Create a user in Postgres ([stackoverflow](https://stackoverflow.com/questions/12720967/how-to-change-postgresql-user-password/12721020#12721020))


In [None]:
!sudo -u postgres psql -c "ALTER USER postgres PASSWORD 'test';"

ALTER ROLE


Store you database password in an environmental variable so that we need no type it in all the time (not advisable generally).

We'll use the notebook magic `%end`

In [None]:
%env PGPASSWORD=test

## Pagila

Now, let's populate the PostgreSQL database with the Pagila data from the tutorial.

In [None]:
!git clone https://github.com/spatialedge-ai/pagila.git

In [None]:
!psql -h localhost -U postgres -c "create database pagila"

In [None]:
!psql -h localhost -U postgres -d pagila -f "pagila/pagila-schema.sql"

In [None]:
!psql -h localhost -U postgres -d pagila -f "pagila/pagila-data.sql"

## PySpark Setup

Now, let's download what is necessary for initiating jdbc connections, as well as what is required to run PySpark itself.

In [None]:
# https://stackoverflow.com/questions/34948296/using-pyspark-to-connect-to-postgresql
!wget https://jdbc.postgresql.org/download/postgresql-42.5.0.jar

In [None]:
import os
import pandas as pd
from sklearn.preprocessing import LabelEncoder
from sklearn.model_selection import train_test_split
import numpy as np  

%config Completer.use_jedi = False


SPARKVERSION='2.4.8'
HADOOPVERSION='2.7'
pwd=os.getcwd()

os.environ["JAVA_HOME"] = "/usr/lib/jvm/java-8-openjdk-amd64"
os.environ["SPARK_HOME"] = f"{pwd}/spark-{SPARKVERSION}-bin-hadoop{HADOOPVERSION}"

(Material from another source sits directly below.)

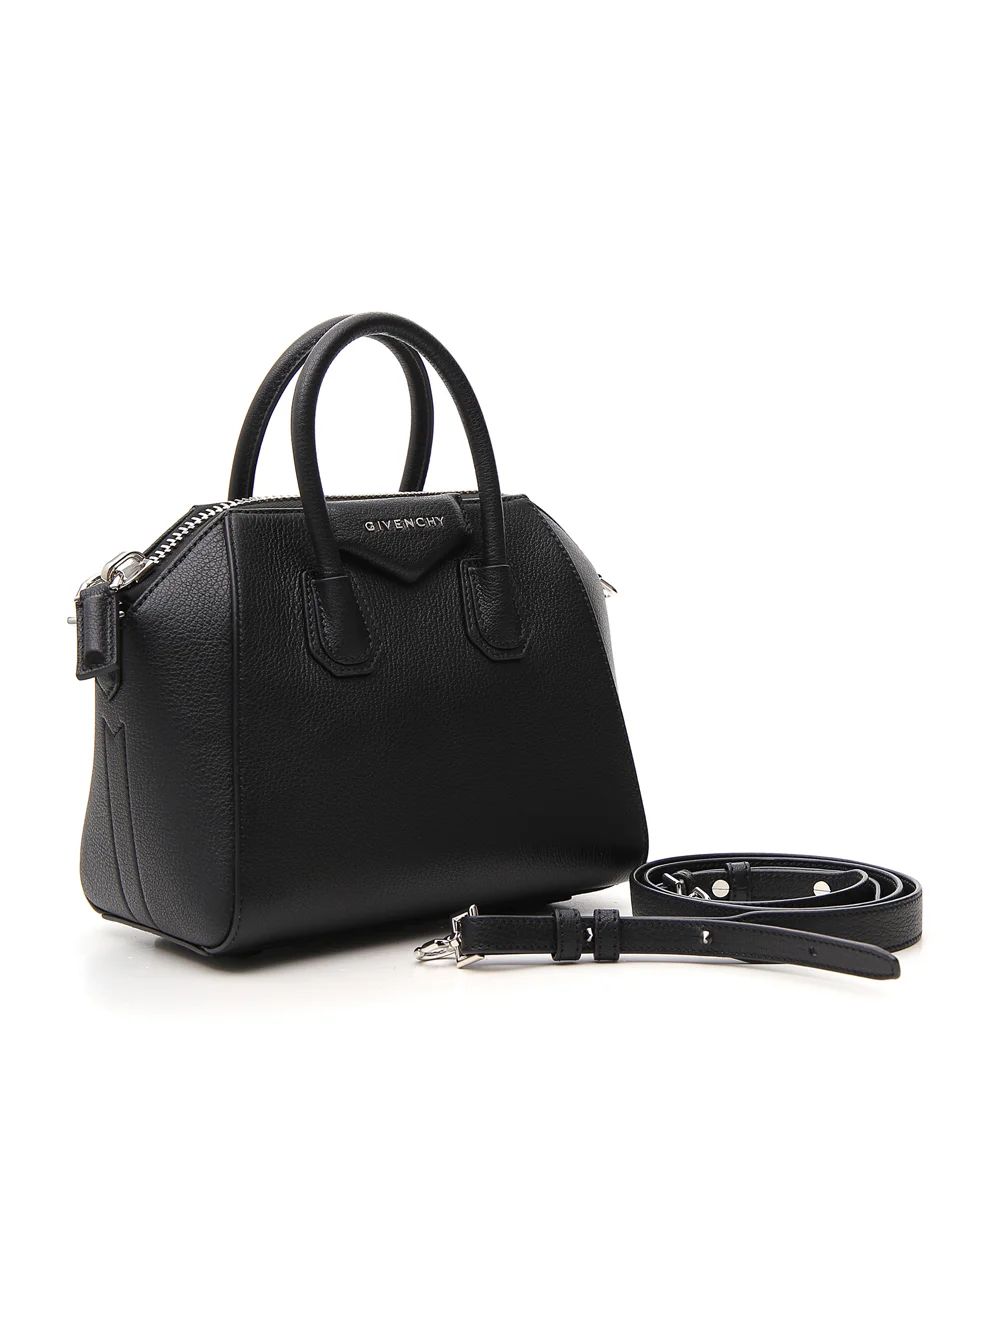 Givenchy Antigona Mini Tote Bag | Cettire Global

print(os.environ['SPARK_HOME'])


/content/spark-2.4.8-bin-hadoop2.7


In [None]:
!sudo apt-get install openjdk-8-jdk-headless -qq > /dev/null
!wget https://archive.apache.org/dist/spark/spark-{SPARKVERSION}/spark-{SPARKVERSION}-bin-hadoop{HADOOPVERSION}.tgz
!tar xf spark-{SPARKVERSION}-bin-hadoop{HADOOPVERSION}.tgz

In [None]:
!cp postgresql-42.5.0.jar spark-2.4.8-bin-hadoop2.7/jars

In [None]:
!pip install findspark

Looking in indexes: https://pypi.org/simple, https://us-python.pkg.dev/colab-wheels/public/simple/
Collecting findspark
  Downloading findspark-2.0.1-py2.py3-none-any.whl (4.4 kB)
Installing collected packages: findspark
Successfully installed findspark-2.0.1


In [None]:
import findspark
findspark.init()

# get a spark session
from pyspark.sql import SparkSession
spark = SparkSession.builder.config("spark.jars", 
                                                       "postgresql-42.2.5.jar").config(
                                                          "spark.driver.extraClassPath",
                                                          "spark-2.4.8-bin-hadoop2.7/jars"
                                                       ).getOrCreate()
print(spark.conf.get('spark.jars'))

%env PYARROW_IGNORE_TIMEZONE=1

env: PYARROW_IGNORE_TIMEZONE=1


# Questions

### Question 1

Using a PySpark dataframe, print the schema of customer table in the pagila PostgreSQL database by utilising a JDBC connection.

In [1]:
# pyspark code

### Question 2

Use the Spark SQL API to query the customer table, compute the number of unique email addresses in that table and print the result in the notebook.

In [2]:
# pyspark code

### Question 3 

Repeat this calculation using only the Dataframe API and print the result.

In [3]:
# pyspark code

### Question 4 

How many partitions are present in the dataframe resulting from Question 3 (additionally provide the code necessary to determine that)

### Question 5

Compute the min and max of customer.create_date and print the result (once more using the Spark DataFrame API and not the Spark SQL API).

### Question 6.1

Determine which first names occur more than once:

1. using the Spark SQL API (printing the result)

### Question 6.2

  2. using the Spark Dataframe API (printing the result once more).

### Question 7

Port the PostgreSQL below to the PySpark DataFrame API and execute the query within Spark (not directly on PostgreSQL): 

```
SELECT
   staff.first_name
   ,staff.last_name
   ,SUM(payment.amount)
 FROM payment
   INNER JOIN staff ON payment.staff_id = staff.staff_id
 WHERE payment.payment_date BETWEEN '2007-01-01' AND '2007-02-01'
 GROUP BY
   staff.last_name
   ,staff.first_name
 ORDER BY SUM(payment.amount)
 ;
```

### Question 8

Are you currently executing commands on a driver node, or a worker? Provide the code you ran to determine that.